Hadoop学习之路（十三）MapReduce的初识

MapReduce是什么

首先让我们来重温一下 hadoop 的四大组件：

HDFS：分布式存储系统

MapReduce：分布式计算系统

YARN：hadoop 的资源调度系统

Common：以上三大组件的底层支撑组件，主要提供基础工具包和 RPC 框架等

MapReduce 是一个分布式运算程序的编程框架，是用户开发“基于 Hadoop 的数据分析应用” 的核心框架

MapReduce 核心功能是将用户编写的业务逻辑代码和自带默认组件整合成一个完整的分布式运算程序，并发运行在一个 Hadoop 集群上

为什么需要 MapReduce

1、海量数据在单机上处理因为硬件资源限制，无法胜任

2、而一旦将单机版程序扩展到集群来分布式运行，将极大增加程序的复杂度和开发难度

3、引入 MapReduce 框架后，开发人员可以将绝大部分工作集中在业务逻辑的开发上，而将分布式计算中的复杂性交由框架来处理

设想一个海量数据场景下的数据计算需求：

单机版：磁盘受限，内存受限，计算能力受限

分布式版：

1、数据存储的问题，hadoop 提供了 hdfs 解决了数据存储这个问题

2、运算逻辑至少要分为两个阶段，先并发计算（map），然后汇总（reduce）结果

3、这两个阶段的计算如何启动？如何协调？

4、运算程序到底怎么执行？数据找程序还是程序找数据？

5、如何分配两个阶段的多个运算任务？

6、如何管理任务的执行过程中间状态，如何容错？

7、如何监控？

8、出错如何处理？抛异常？重试？

　　可见在程序由单机版扩成分布式版时，会引入大量的复杂工作。为了提高开发效率，可以将分布式程序中的公共功能封装成框架，让开发人员可以将精力集中于业务逻辑。

　　Hadoop 当中的 MapReduce 就是这样的一个分布式程序运算框架，它把大量分布式程序都会涉及的到的内容都封装进了，让用户只用专注自己的业务逻辑代码的开发。它对应以上问题的整体结构如下：

MRAppMaster：MapReduce Application Master，分配任务，协调任务的运行

MapTask：阶段并发任，负责 mapper 阶段的任务处理 YARNChild

ReduceTask：阶段汇总任务，负责 reducer 阶段的任务处理 YARNChild

MapReduce做什么

简单地讲，MapReduce可以做大数据处理。
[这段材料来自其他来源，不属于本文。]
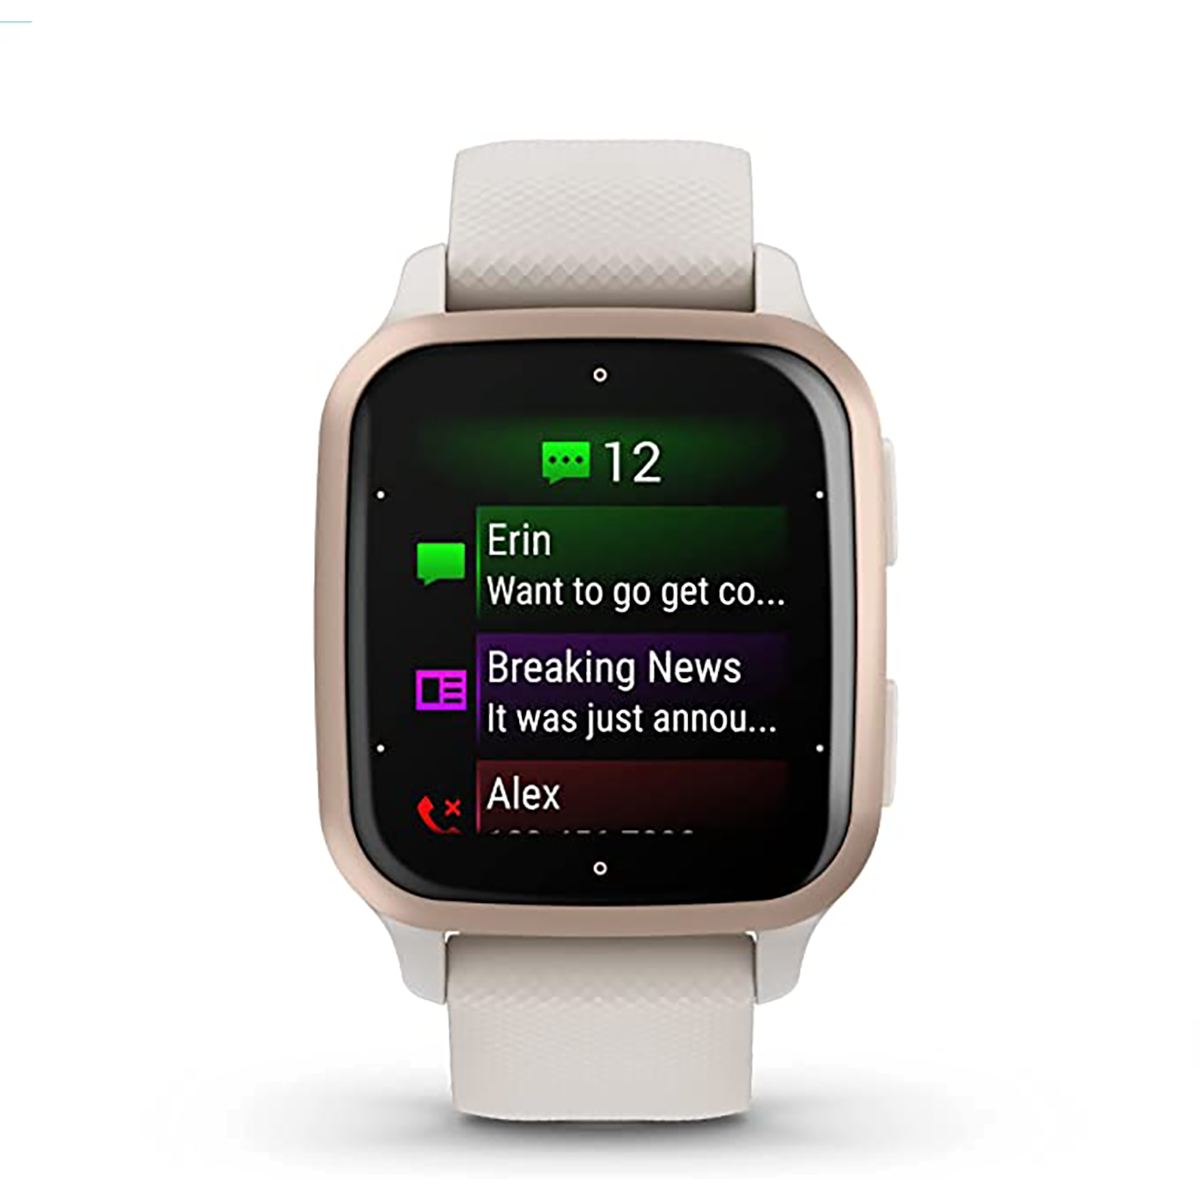 Garmin Venu Sq 2 Smart Watch

所谓大数据处理，即以价值为导向，对大数据加工、挖掘和优化等各种处理。

　　MapReduce擅长处理大数据，它为什么具有这种能力呢？这可由MapReduce的设计思想发觉。MapReduce的思想就是“分而治之”。

　　（1）Mapper负责“分”，即把复杂的任务分解为若干个“简单的任务”来处理。“简单的任务”包含三层含义：一是数据或计算的规模相对原任务要大大缩小；二是就近计算原则，即任务会分配到存放着所需数据的节点上进行计算；三是这些小任务可以并行计算，彼此间几乎没有依赖关系。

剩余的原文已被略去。